Today, 4,000 Londoners will go to Wembley Stadium to watch an FA Cup semi final between Leicester City and Southampton. All will be either “key workers” or residents of Brent and they will fill just a small fraction of the huge venue’s 90,000 seats. But their attendance will be historic – and for more than one reason.
It’s headline significance is its part in a government trial for taking England further out of lockdown. But along with being the first to attend a Wembley event for more than a year, those 4,000 people will also be the first to enter the ground by way of the Olympic Steps, a brand new addition to the stadium’s surrounding architecture and public realm.
I went on a site visit to the steps on Thursday. They form the last part of a large and long overhaul of the pedestrian avenue called Olympic Way – though widely known, especially among football fans, as “Wembley Way”.
The new steps replace the “pedway” bridge over coach and car parking space that had formed the final part of the route between Wembley Park station and Wembley Stadium since the 1970s. Olympic Way as a whole had carried millions of spectators to thousands of Wembley events following its construction in 1948 – mostly to the old “Twin Towers” Wembley prior to its demolition from 2002.
Why was “Wembley Way” officially Olympic Way? Because it was constructed for the 1948 London Olympics. The stadium at Wembley – known in those days as the Empire Stadium – hosted many of the Games events. They were the first Games to be held after after World War II, and the lesser known story of Olympic Way has strong and revealing connections with that conflict’s immediate aftermath in London.
Although the war was over, there were still German prisoners of war (PoWs) held in Britain. Wartime fatalities and the continuing call of the armed forces meant there was a labour shortage too. It was decided that Britain’s German captives would be used to clear up the rubbish of the Games, but the plan triggered opposition. One newspaper said the use of a “slave squad” before the eyes of foreign visitors would make the country look bad.
So instead PoWs swelled the workforce building the infrastructure that served the stadium, Olympic Way included – a more dignified and constructive form of work in advance of the event. The BBC told that story in more detail back in 2010.
The new Olympic Steps, built by developer Quintain in a joint project with Brent Council, come at the end of the new Olympic Way, which is itself part of the much larger redevelopment of the land around Wembley with housing, shops and more. It’s a continuation of a process with the new stadium, opened in 2007, at its heart.

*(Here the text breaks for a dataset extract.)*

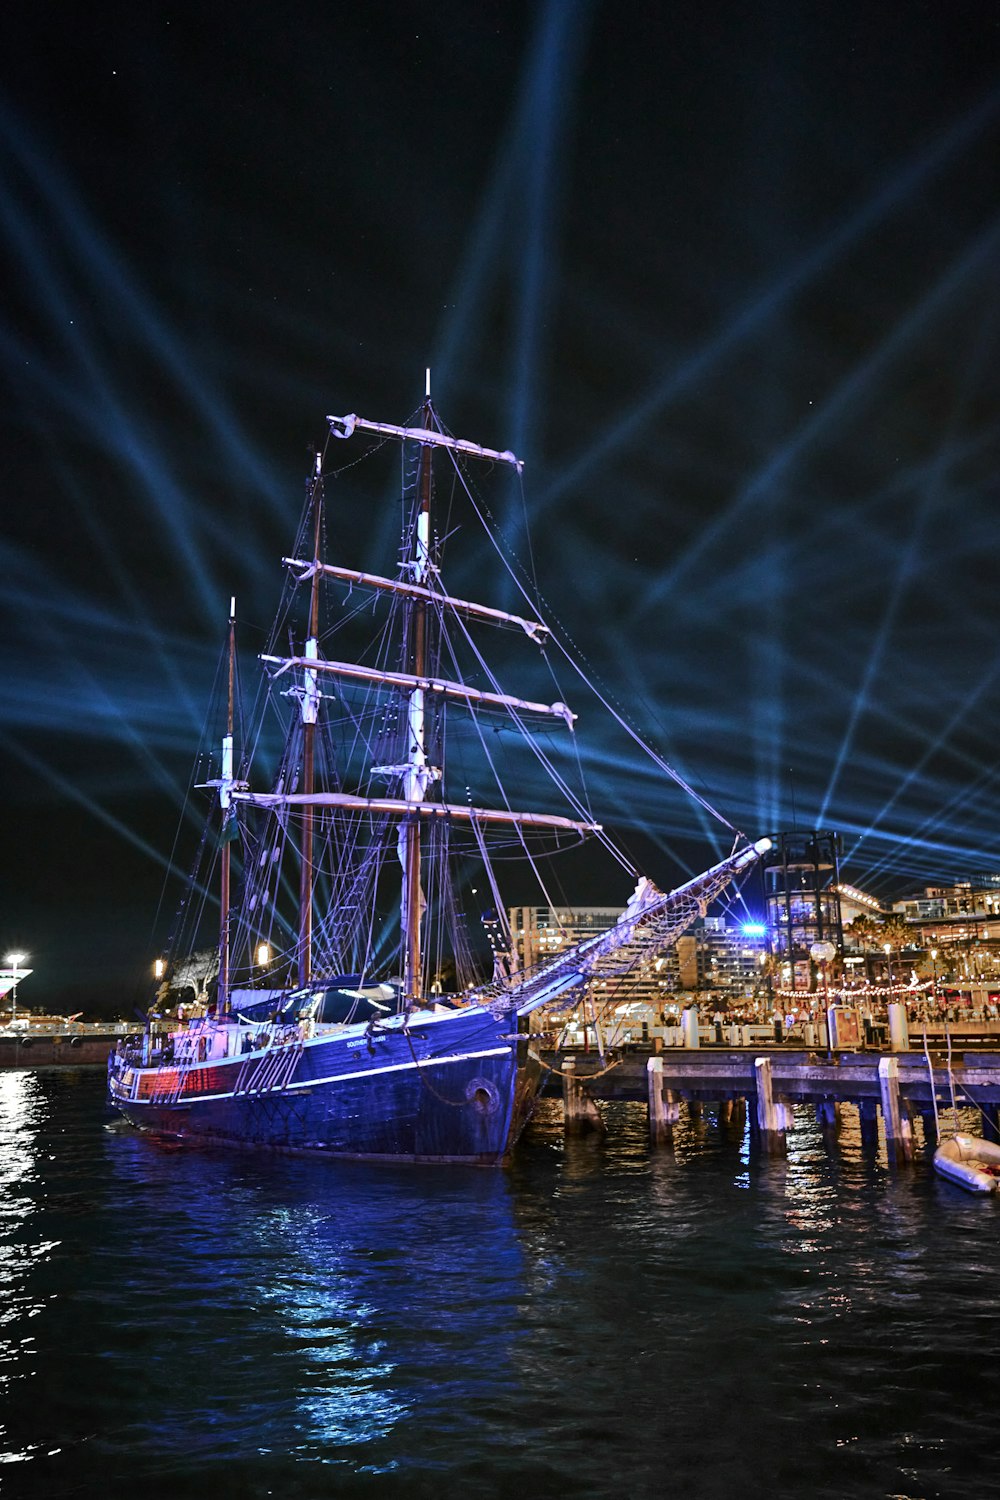 a large ship at night

I enjoyed my trip to Wembley. It was great to be out and about in the city and to visit a scene of renewal at one of London’s great locations. And it was pleasurable to listen to Julian Tollast, Quintain’s head of masterplanning and design, talking about his contribution. He described it as, for him, “the culmination of 16 years’ work”.
Tollast said that when he joined Quintain in 2005, there were three big Wembley tasks before him: sorting out the parking, sorting out the retail and sorting out the pedway. Having replaced the latter, Tollast feels “we have liberated a new piece of public realm which is bigger than the football pitch inside the stadium. I think it will become the new gathering point outside Wembley”.

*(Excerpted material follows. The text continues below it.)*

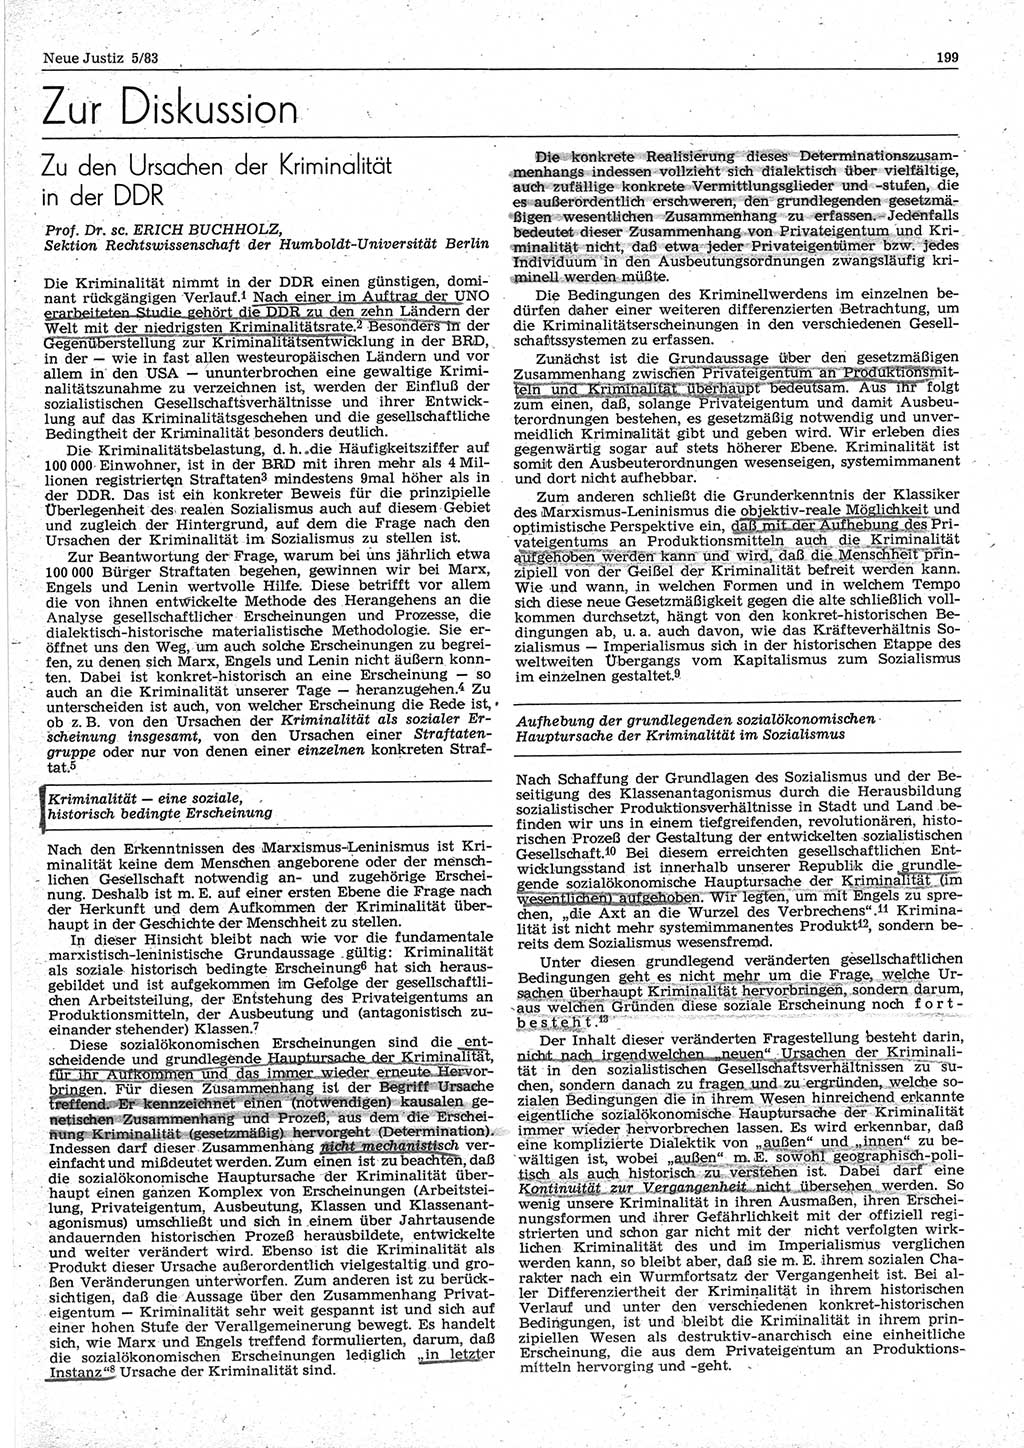 Neue Justiz (NJ), Zeitschrift für sozialistisches Recht und Gesetzlichkeit [Deutsche Demokratische Republik (DDR)], 37. Jahrgang 1983, Seite 199 (NJ DDR 1983, S. 199)

To my inexpert eye, the steps – there are 48 of them – neatly combine the virtues of functionality and simple elegance. Lifts have been installed for visitors who will need them – the ramps were on the steep side for wheelchairs – and a public open space has been created at the foot of them. Tollast said the steps are also not bad for sitting on. They will be a good place from which to watch events held in the new Olympic Way public space.
The 1948 Olympics were part of London’s post-war recovery. Now, as the city strives to recover from the pandemic, perhaps its biggest trauma since the war, the Olympic Steps say London is regenerating once more.